DATASET SECTION.
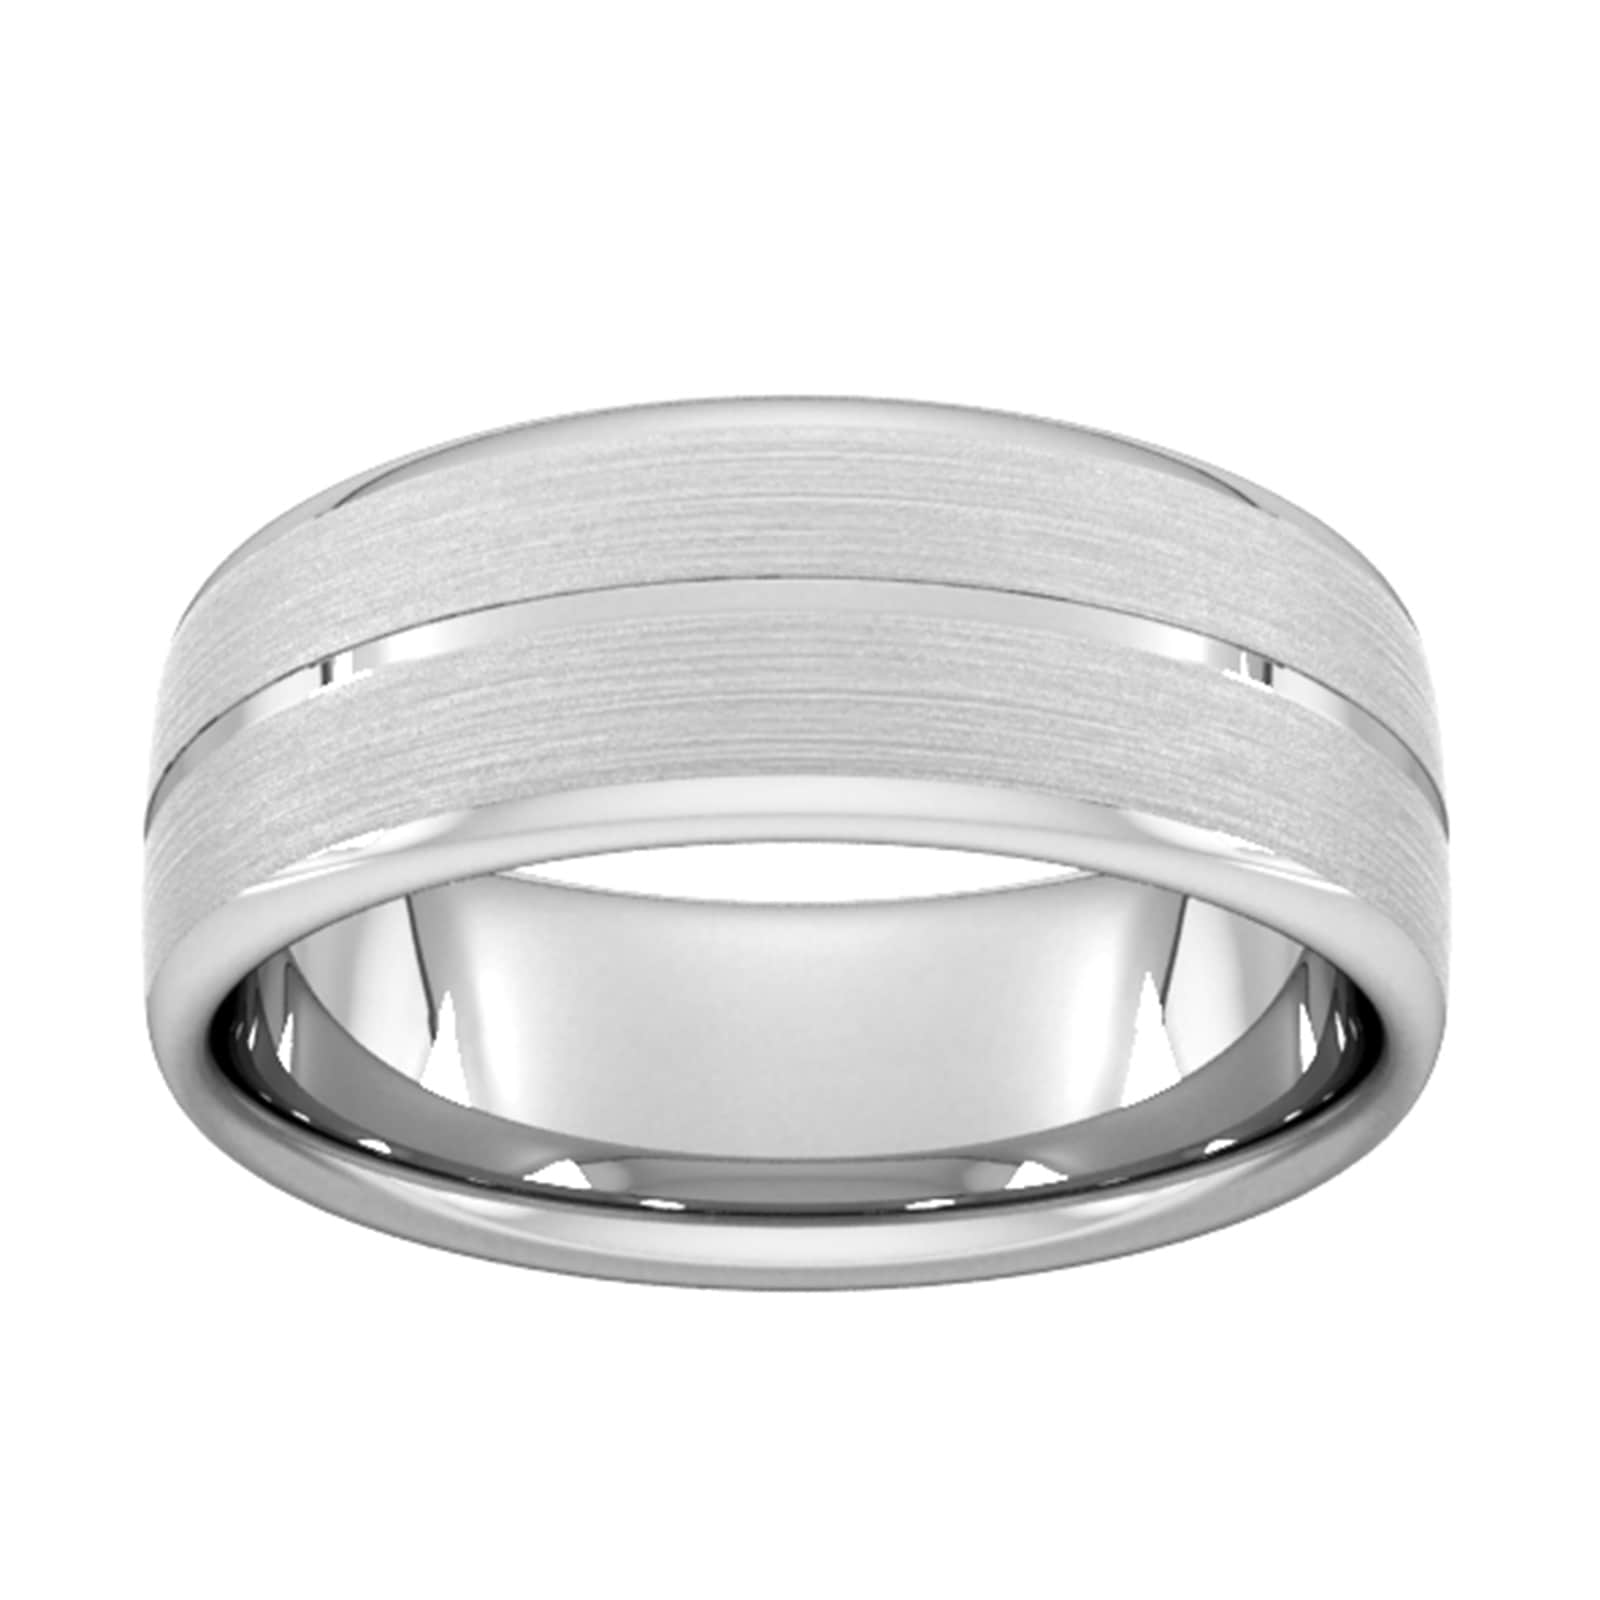 8mm Flat Court Heavy Centre Groove With Chamfered Edge Wedding Ring In 9 Carat White Gold - Ring Size H
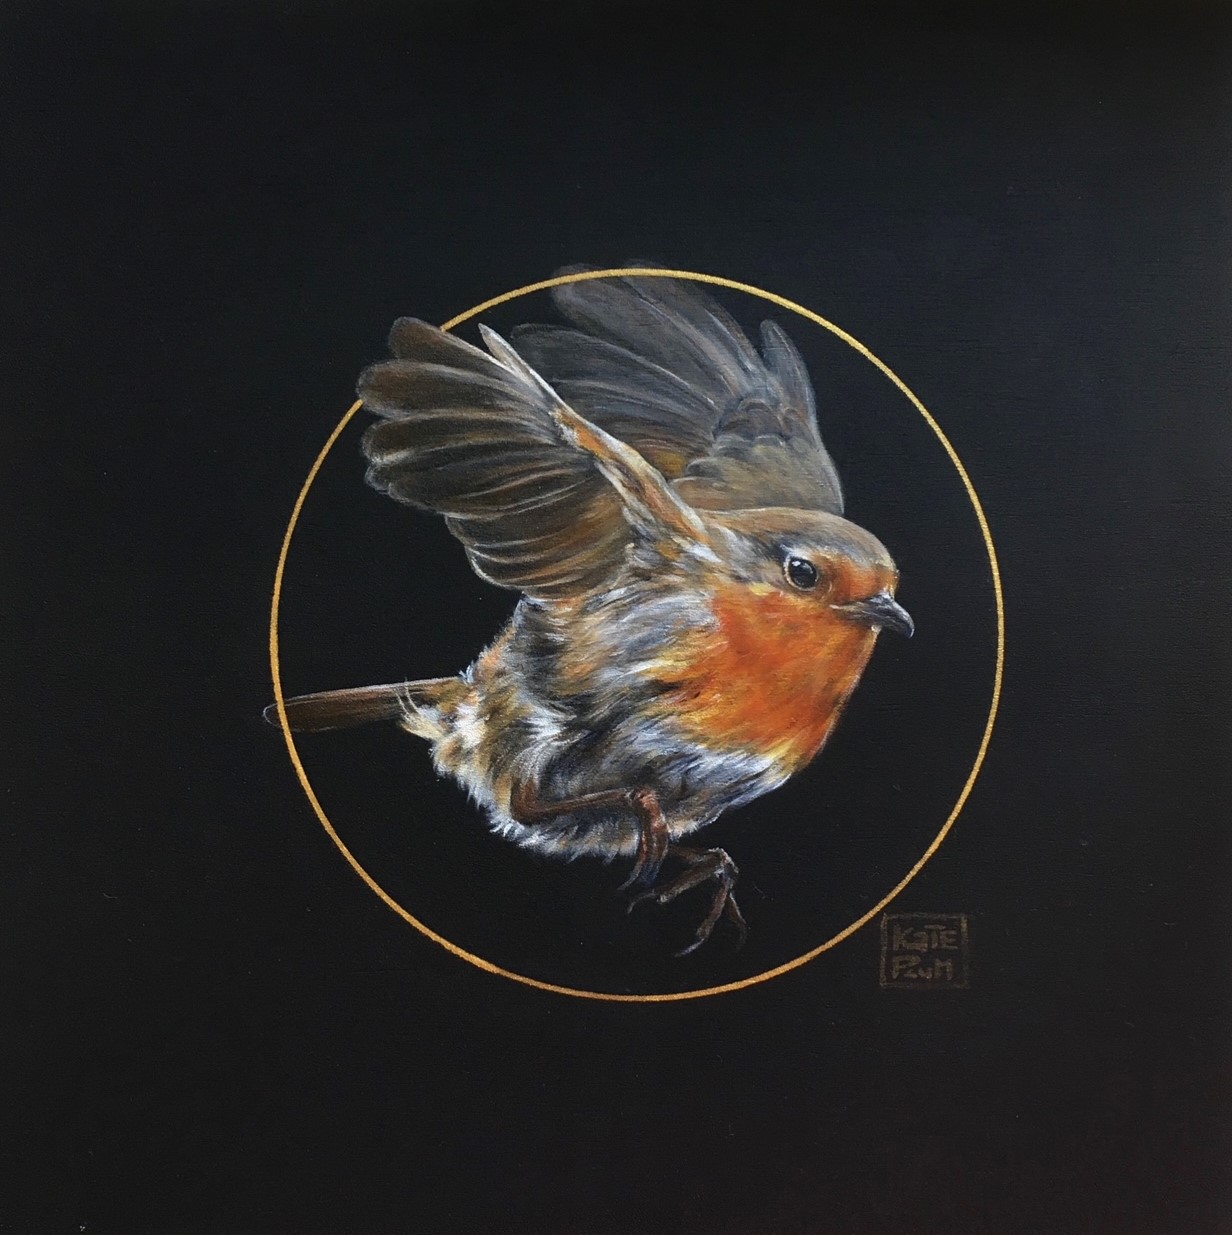 Feathered jewels Robin  by Kate Plum
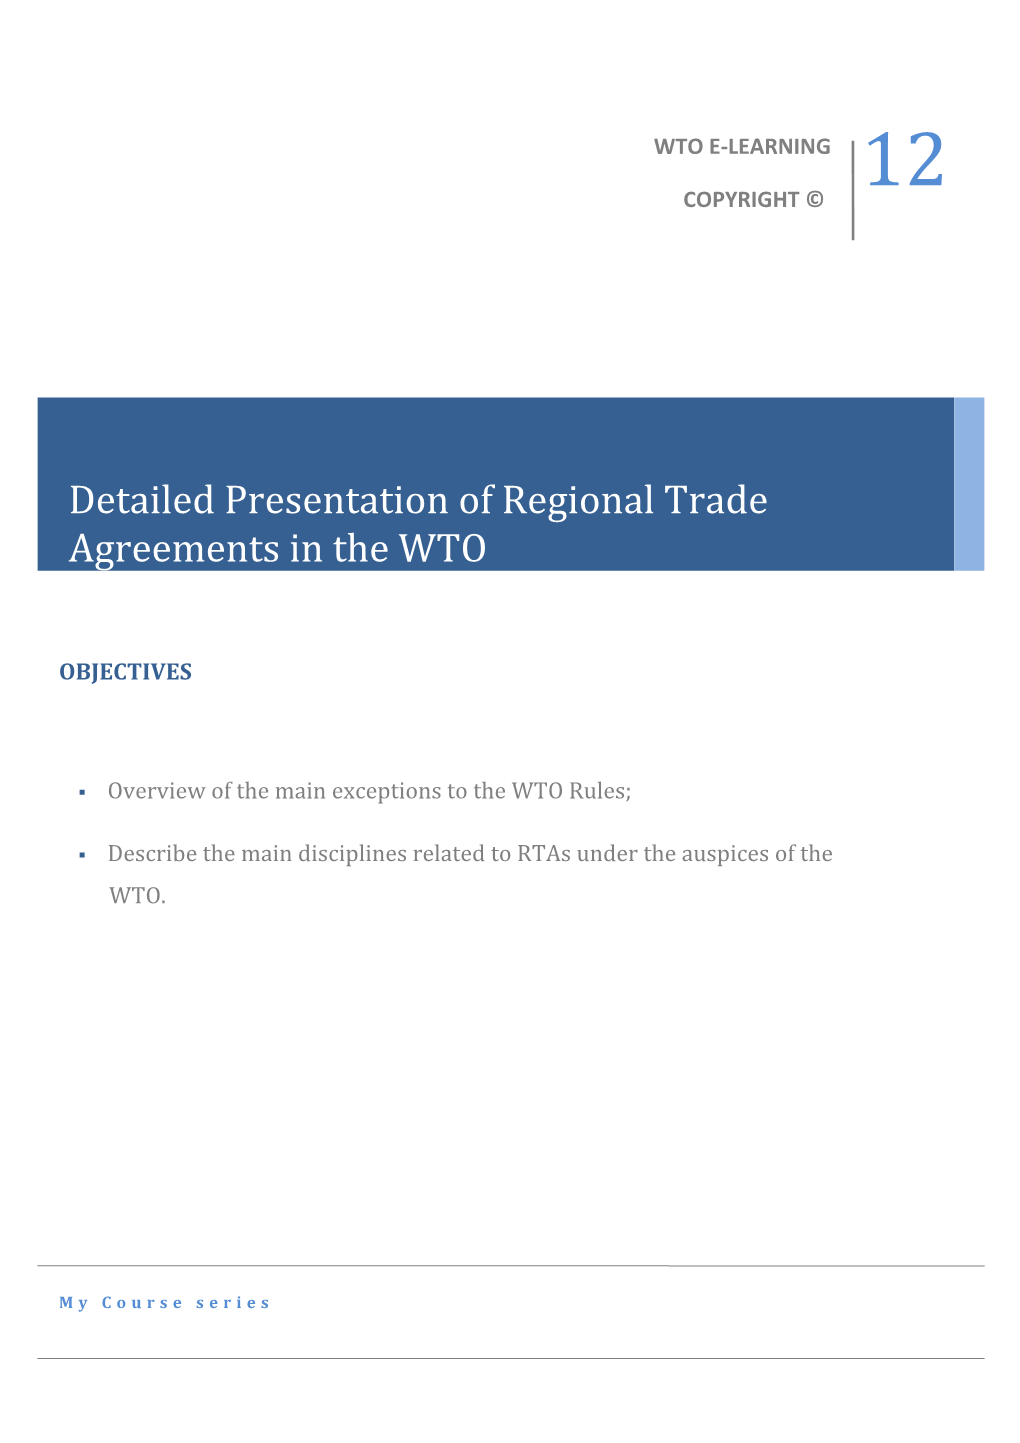 WTO Members Are Subject to Several General Obligations Set out in the Generalagreement

EXERCISE DIRECTIONS. An exact copy of the material above is required, minus its images.

ANSWER BOX.
 8mm Flat Court Heavy Centre Groove With Chamfered Edge Wedding Ring In 9 Carat White Gold - Ring Size H
 Feathered jewels Robin  by Kate Plum
 WTO Members Are Subject to Several General Obligations Set out in the Generalagreement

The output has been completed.